2. **Set Method:** Leverages the unique property of the set() object for high-performance cleaning.

In [None]:
def removeDuplicate_loop(inputList):
  '''Manually removes duplicates using a loop and temporary list'''
  cleanList = []
  for item in inputList:
    if item not in cleanList:
      cleanList.append(item)
  return cleanList

def removeDuplicate_set(inputList):
  '''Removes duplicates using the set() data structure (Most Efficient)'''
  return list(set(inputList))

# ---Professional Testing---
rawData = ['ID-101', 'ID-112', 'ID-111', 'ID-106', 'ID-102', 'ID-111', 'ID-104',
'ID-104', 'ID-101', 'ID-110', 'ID-121']

print(f'Cleaned List (Loop Method): {removeDuplicate_loop(rawData)}')
print(f'Cleaned List (Set Method): {removeDuplicate_set(rawData)}')

# Portfolio Note:
# The Set Method is preferred for large datasets
# because it uses 'hashing' to find duplicates instantly.

Cleaned List (Loop Method): ['ID-101', 'ID-112', 'ID-111', 'ID-106', 'ID-102', 'ID-104', 'ID-110', 'ID-121']
Cleaned List (Set Method): ['ID-112', 'ID-111', 'ID-121', 'ID-104', 'ID-102', 'ID-101', 'ID-110', 'ID-106']


## Day 17: Finding the Second Largest (Efficiency Focus)
**Objective:** Track multiple state variables in a single iteration.<br>
**Logic:** Instead of sorting the entire list (which is resource-intensive), we maintain two variables: `largest` and `second_largest`.<br> We update them dynamically as we traverse the list exactly once.

In [None]:
import random
def findSecondLargest(inputList):
  '''Finds the second largest number in the list'''
  largest = second_largest = float('-inf')
  for num in inputList:
    if num > largest:
      second_largest = largest
      largest = num
    elif num > second_largest and num != largest:
      second_largest = num
  if second_largest == float('-inf'):
    return 'Error: No specific 2nd largest number found!'
  return second_largest

# Generating a list of 20 random numbers
myList=[]
for i in range(20):
  n = random.randint(1, 101)
  myList.append(n)

print(f'Original List of {len(myList)} elements: {myList}')
print(f'Second Largest Entry: {findSecondLargest(myList)}')
print(f'Checking with Sorted: {sorted(myList)[-2]}')

## Day 18: Student Grade Book (Dictionary Basics)
**Objective:** Master key-value pair storage and dictionary iteration.<br>
**Logic:** Use a dictionary to map unique strings (Names) to values (Grades).
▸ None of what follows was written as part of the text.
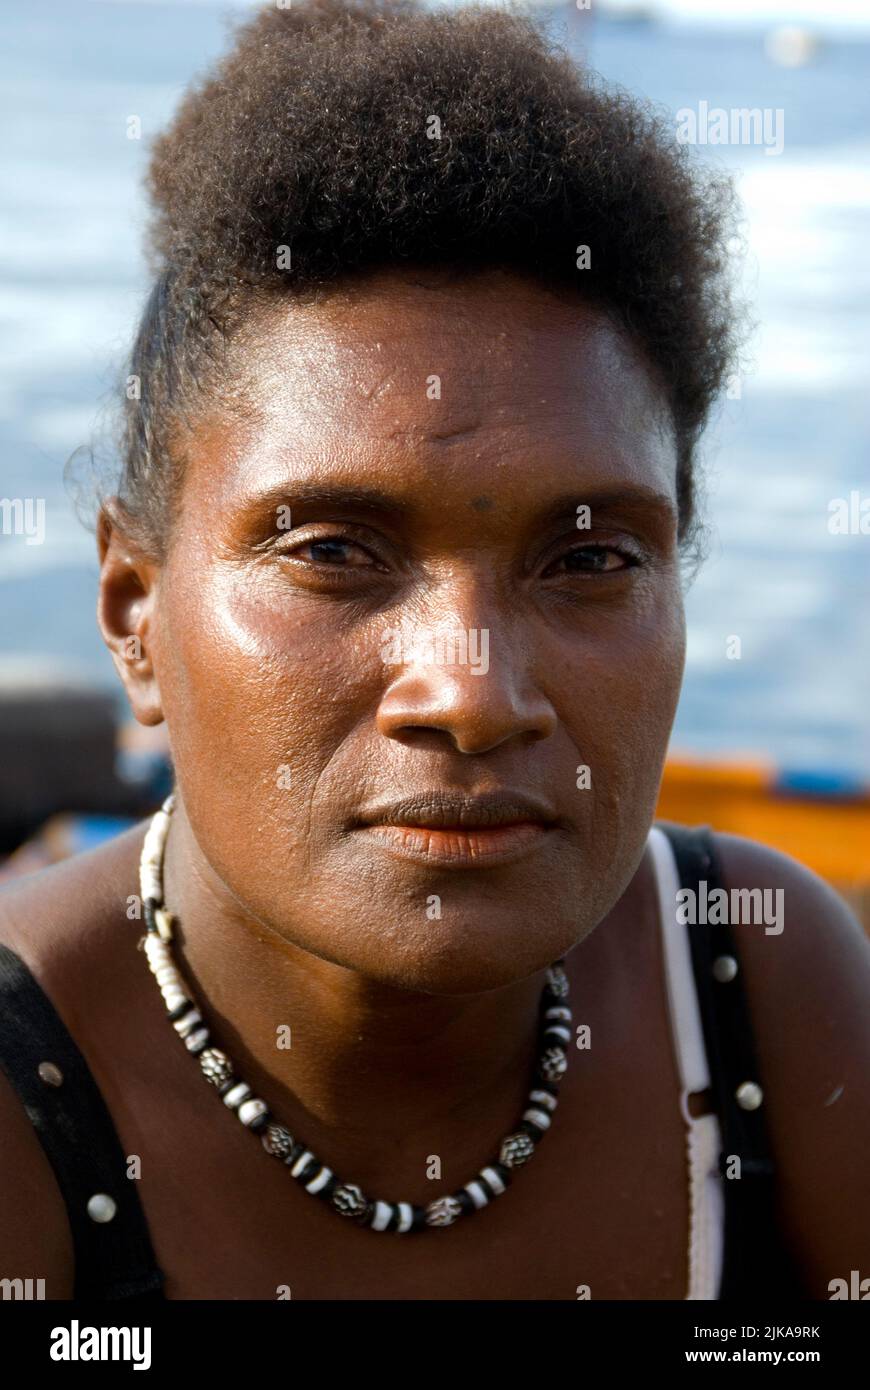 Woman at the central market in Honiara, Guadalcanal, Solomon Islands Stock Photo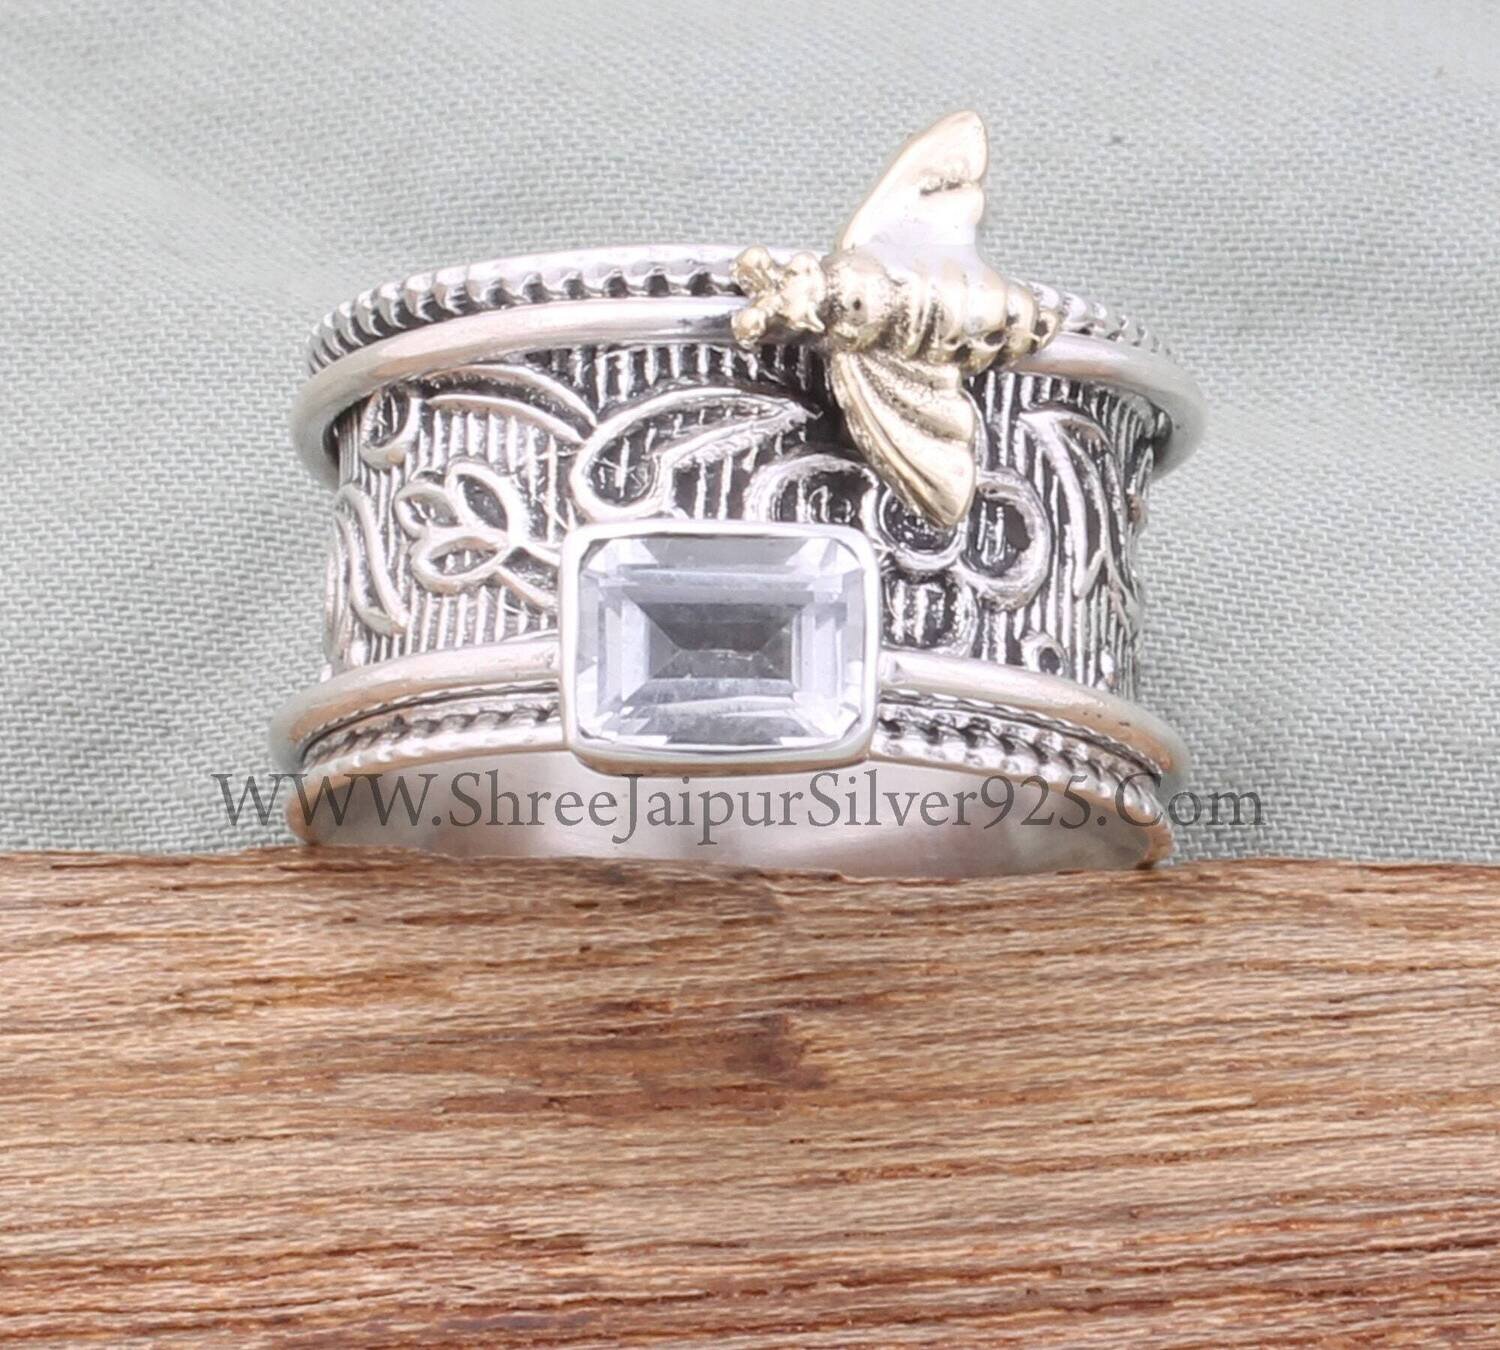 925 Sterling Silver & Brass Crystal Quartz Spinner Ring, Handmade Honey Bee Engraved Wide Band Fidget Anxiety Ring Gifts For Her Anniversary

Implement a retrieval loop to calculate aggregate statistics (Average) and demonstrate the efficiency of key-based lookups.

In [None]:
def runGradeBook():

  gradeBook = {}
  print('___Professional Grading System___')

# 1. Data Collection
  while True:
    name = input('Enter Student Name (or "q" to quit): ').strip().title()
    if name.lower() == 'q':
      break
    try:
      score = float(input('Enter grade for {name}: '))
      # Updating grade book
      gradeBook[name] = score
    except ValueError:
      print('Invalid Input. Please enter a valid score!')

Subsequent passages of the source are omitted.